> [Data section]
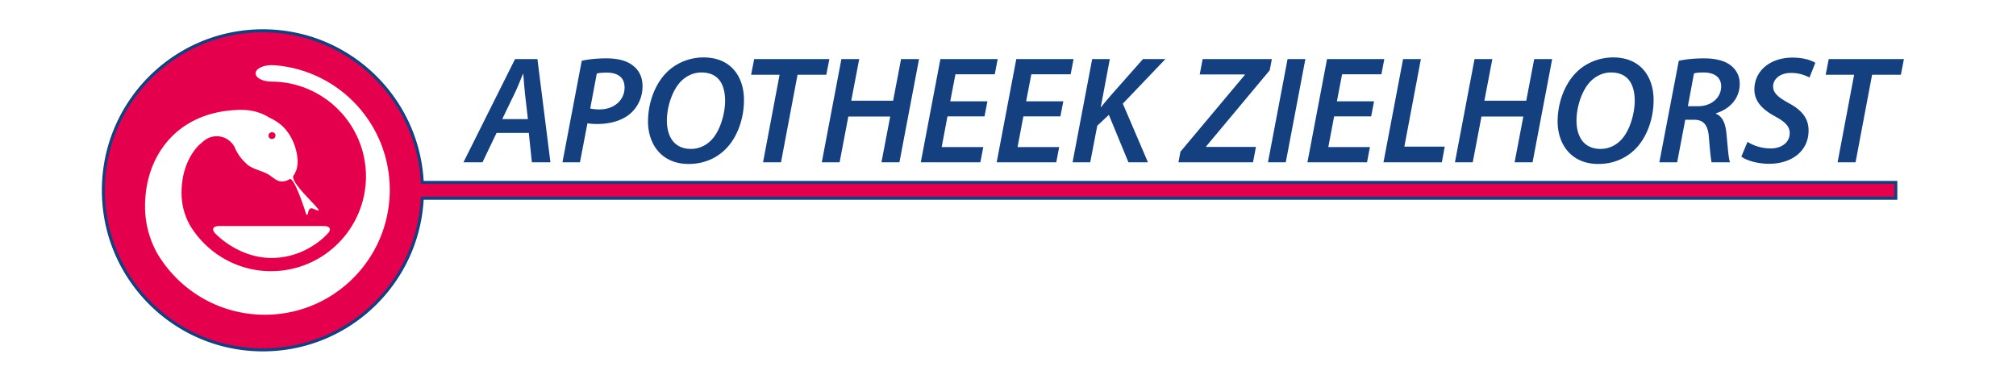 logo Apotheek Zielhorst.jpg
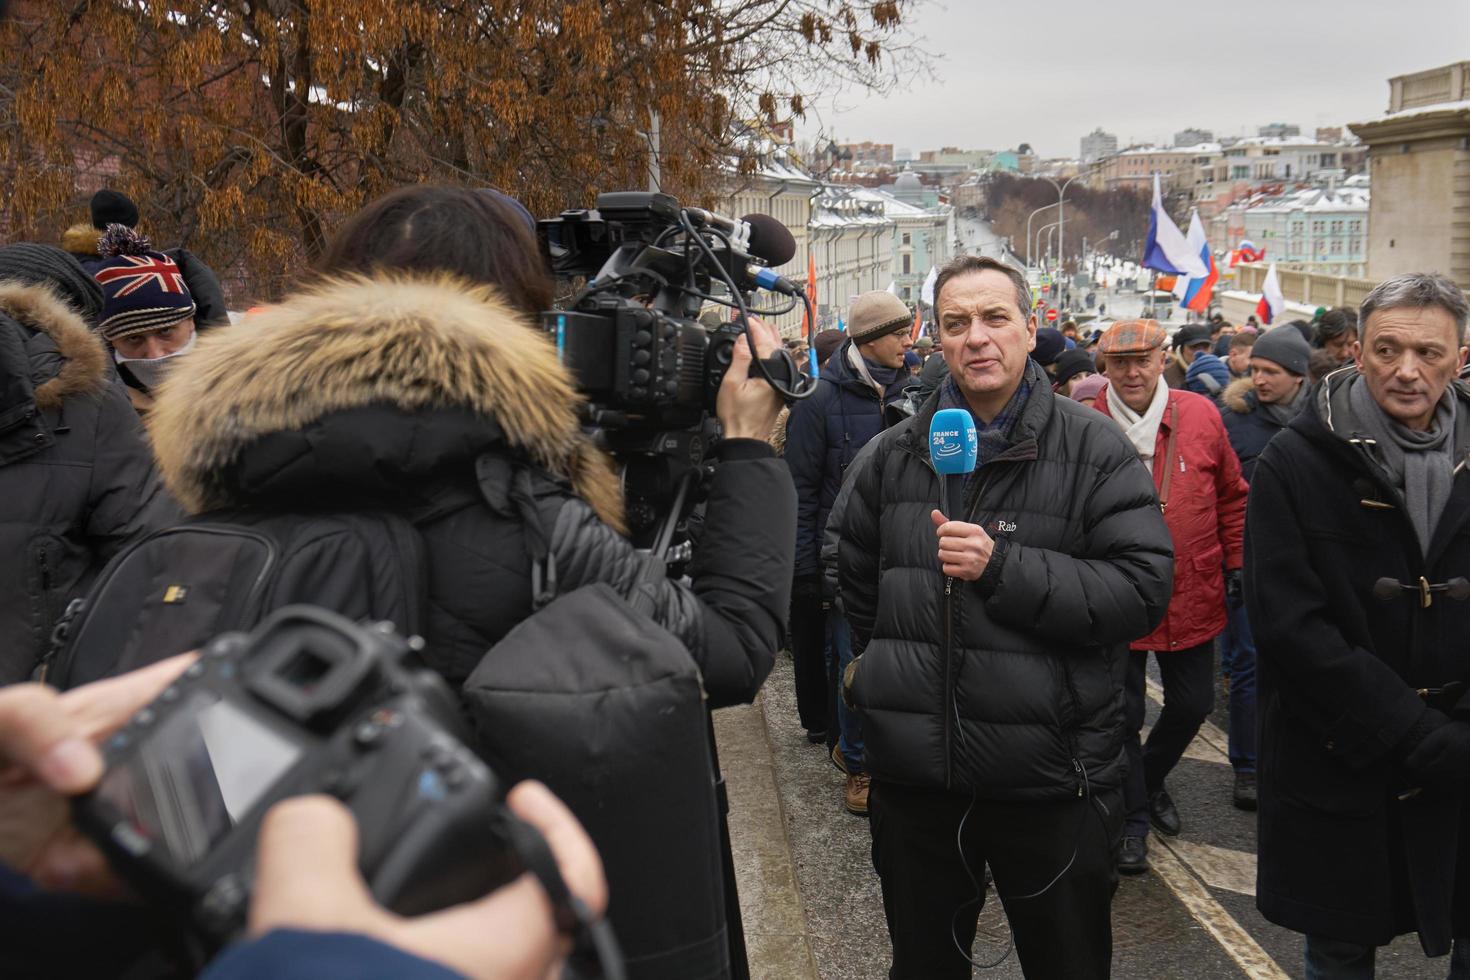 Moscou, Russie - 24 février 2019. Marche commémorative de nemtsov. un journaliste étranger avec un microphone rapporte de la scène à l'appareil photo numérique
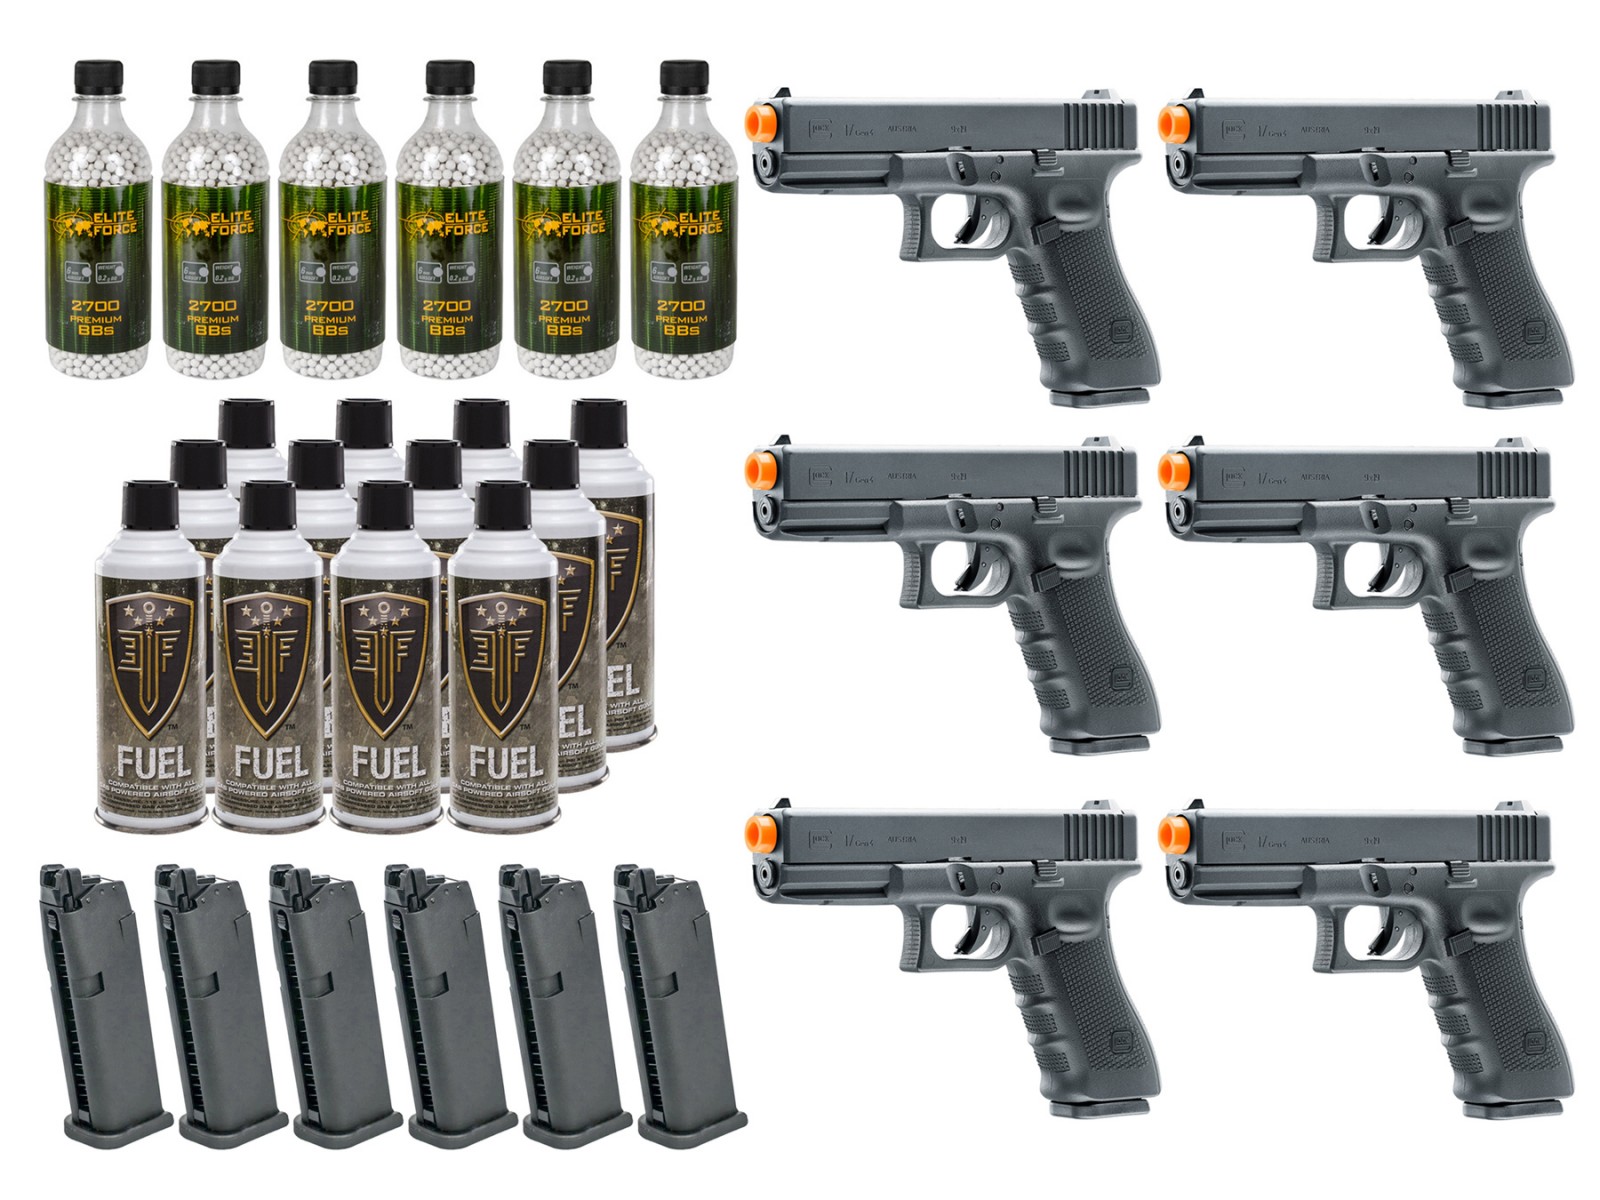 6 Umarex Elite Force Glock G17 Gen4 GBB Airsoft Pistol Kits 6mm
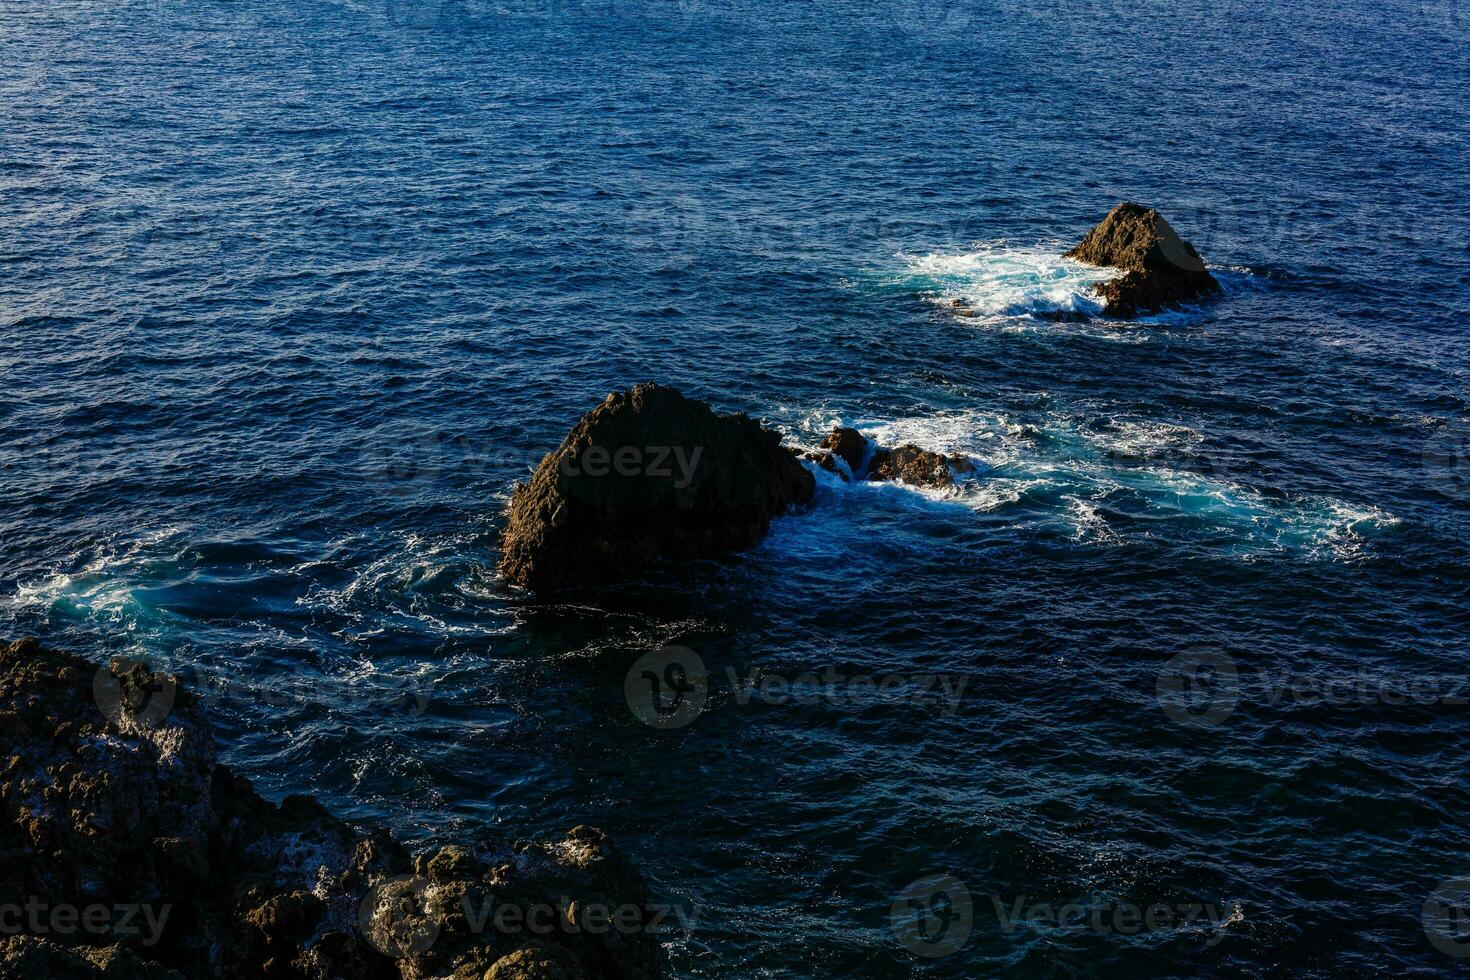 atlántico Oceano salvaje costa, tenerife, canario islas, España foto

> [The task] Each line of the data above should be reproduced without alteration, and no picture should appear in the copy.

> [Exercise solution]
 logo Apotheek Zielhorst.jpg
 Moscou, Russie - 24 février 2019. Marche commémorative de nemtsov. un journaliste étranger avec un microphone rapporte de la scène à l'appareil photo numérique
 6 Umarex Elite Force Glock G17 Gen4 GBB Airsoft Pistol Kits 6mm
 atlántico Oceano salvaje costa, tenerife, canario islas, España foto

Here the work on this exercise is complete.